The last psychosocial indicator that we evaluated was the belief that bushmeat is becoming scarcer, which was associated with a lower probability of consuming bushmeat but not with the preference for bushmeat or the number of species accepted. This result is important because there is a growing recognition that, above all, the conservation of natural systems depends on understanding behavior so that policy makers can devise strategies to promote behavioral change (St. John et al. 2014). Insofar as people respond to the perception that bushmeat is unsustainable with decreased consumption, outreach campaigns aimed at raising the awareness of local people may positively impact species conservation. However, it could be argued that the perception of bushmeat scarcity might be capturing a price effect because prices tend to increase in locations where bushmeat is scarcer thus decreasing the likelihood of bushmeat consumption. All of our interviewees, however, lived in the same region and in similar locations, so they would have been encountering equivalent bushmeat prices and scarcity. Even so, we found individual variation in beliefs about scarcity, giving credence to our interpretation.
Economic correlates
Three economic indicators were assessed: two objective aspects (cash income and wealth) and one attitudinal indicator (price perception). All were correlated with proxies of bushmeat alternatives, although their effects were always smaller than Social relations.

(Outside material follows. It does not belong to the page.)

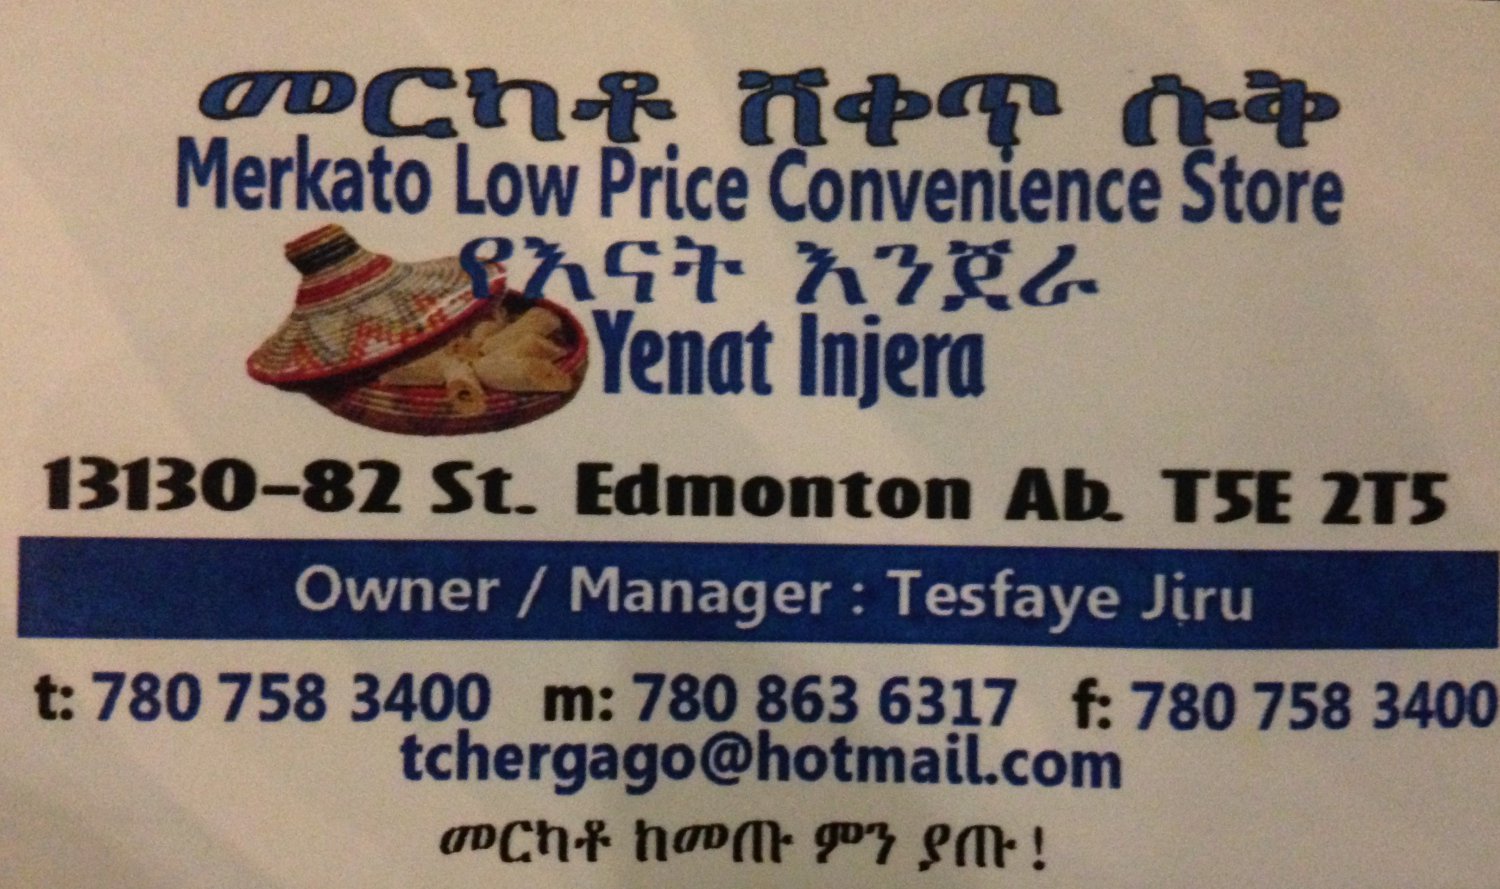 Merkato Low Price Convenient Store - Edmonton, Alberta Canada
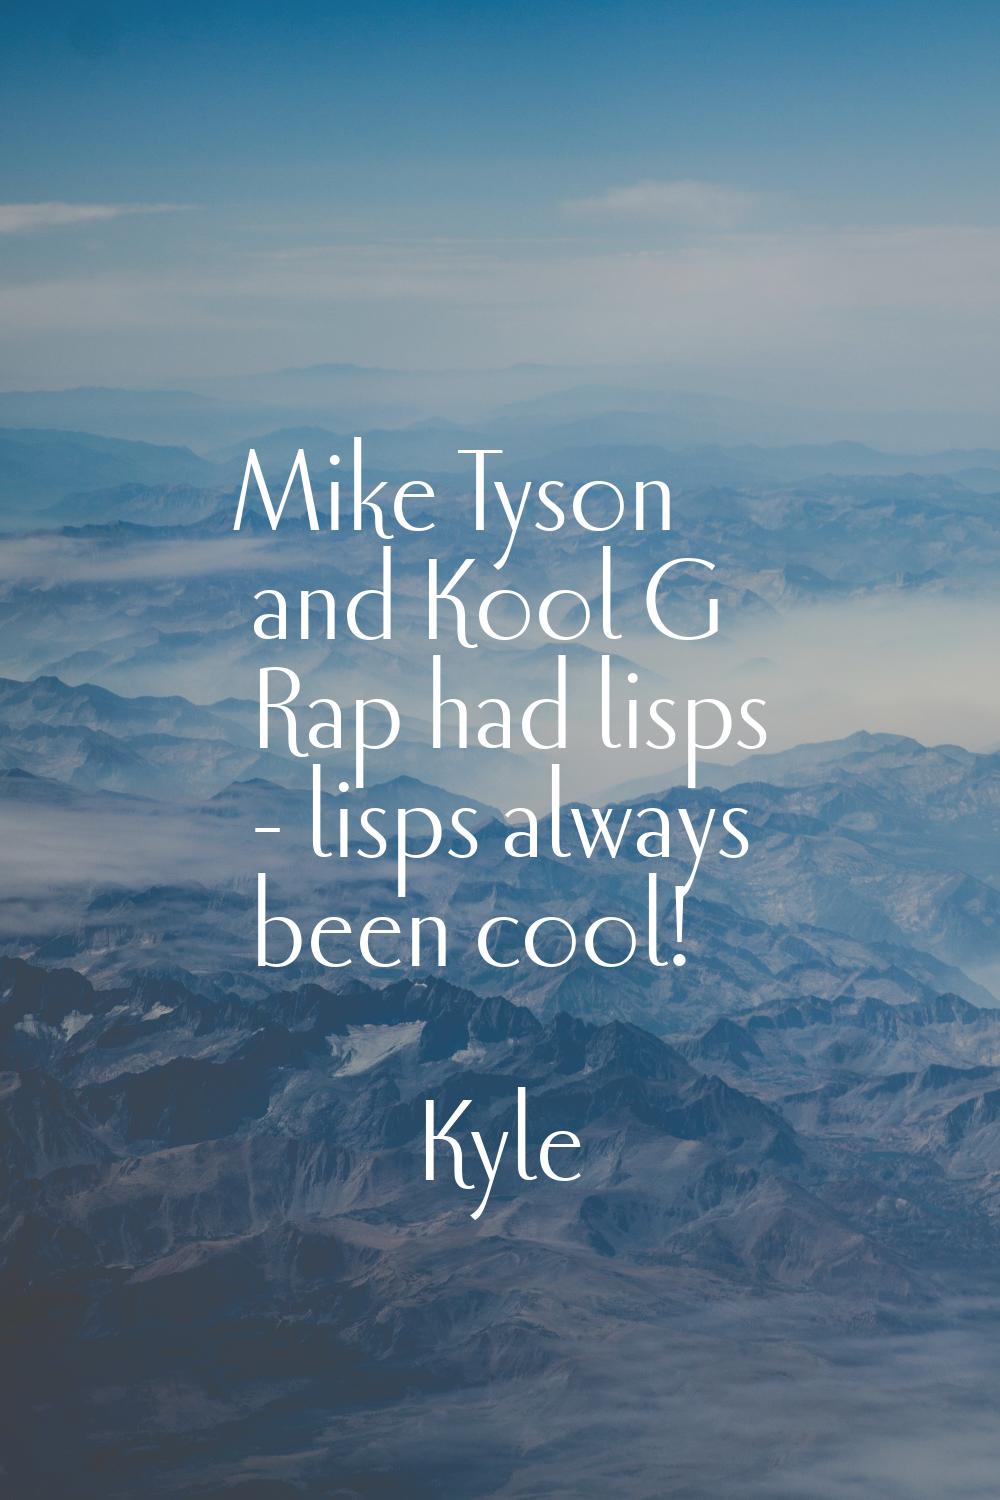 Mike Tyson and Kool G Rap had lisps - lisps always been cool!

Higher income was associated with a lower probability that a person would consume bushmeat, but it did not significantly predict the preference for bushmeat or the number of species that was likely to be eaten. Similarly, some studies conducted in African towns have also observed that higher income levels are associated with less bushmeat consumption (Albrechtsen et al. 2005). Others, however, have indicated that people with higher incomes consume more bushmeat in African towns (East et al. 2005) and that traded bushmeat is a luxury good among Africans living in Europe (Chaber et al. 2010). These contrasting results, which have also been observed in rural locations (Coad et al. 2010, Godoy et al. 2010, Kümpel et al. 2010, Rentsch and Damon 2013), could be explained by the variety of conditions found across study locations, such as bushmeat availability, prices, and people’s preferences. There are four plausible explanations for why those with lower incomes are more likely to eat bushmeat in this study.
First, in contrast to the evidence from Africa, the bushmeat in our sample was mostly supplied by family members who had hunted or received the meat as a gift rather than purchased it. Brashares and colleagues (2011:13934) argued that “in urban areas, the dynamics of wildlife consumption would be dominated by consumer income effects because the shortage of local wildlife made hunting an unrealistic option.” However, in this study, urban residents were able to harvest bushmeat from the surrounding forests or to receive it as a gift through their social networks. Thus, bushmeat could provide an accessible and perhaps cheaper source of animal protein. Although we lack the data necessary to rigorously assess the costs and benefits of harvesting bushmeat, S. Hernandez (unpublished data) found the cost of hunting in the region, including only the necessary supplies, e.g., ammunition, petrol for transport, and ice for preservation, to be about US$0.17 per kilogram, which is much lower than the cost of locally purchased domestic meat, such as chicken (Avg. = US$1.24) or cattle (Avg. = US$6.20), according to recently published prices (van Vliet et al. 2014). However, we caution that this unpublished estimate of hunting costs neglects the cost of labor and the probability of a successful hunt, factors that would likely increase the cost.
Prices could be a second explanatory factor, because similar outcomes, i.e., poorer individuals consume bushmeat more frequently than wealthier individuals, have been observed where bushmeat is cheaper than other animal proteins (Albrechtsen et al. 2005). In contrast, in African locations where bushmeat is more expensive than frozen chicken, poorer people consume less bushmeat (Wilkie et al. 2005, Coad et al. 2010). Therefore, our results appear to contradict previous evidence because the smoked bushmeat (the cheapest form) sold in the towns is, on average, at least three times more expensive than frozen chicken (van Vliet et al. 2014). This apparent contradiction could be explained by the fact that bushmeat mostly comes from harvesting and gifts, which are presumably less expensive alternatives than purchasing.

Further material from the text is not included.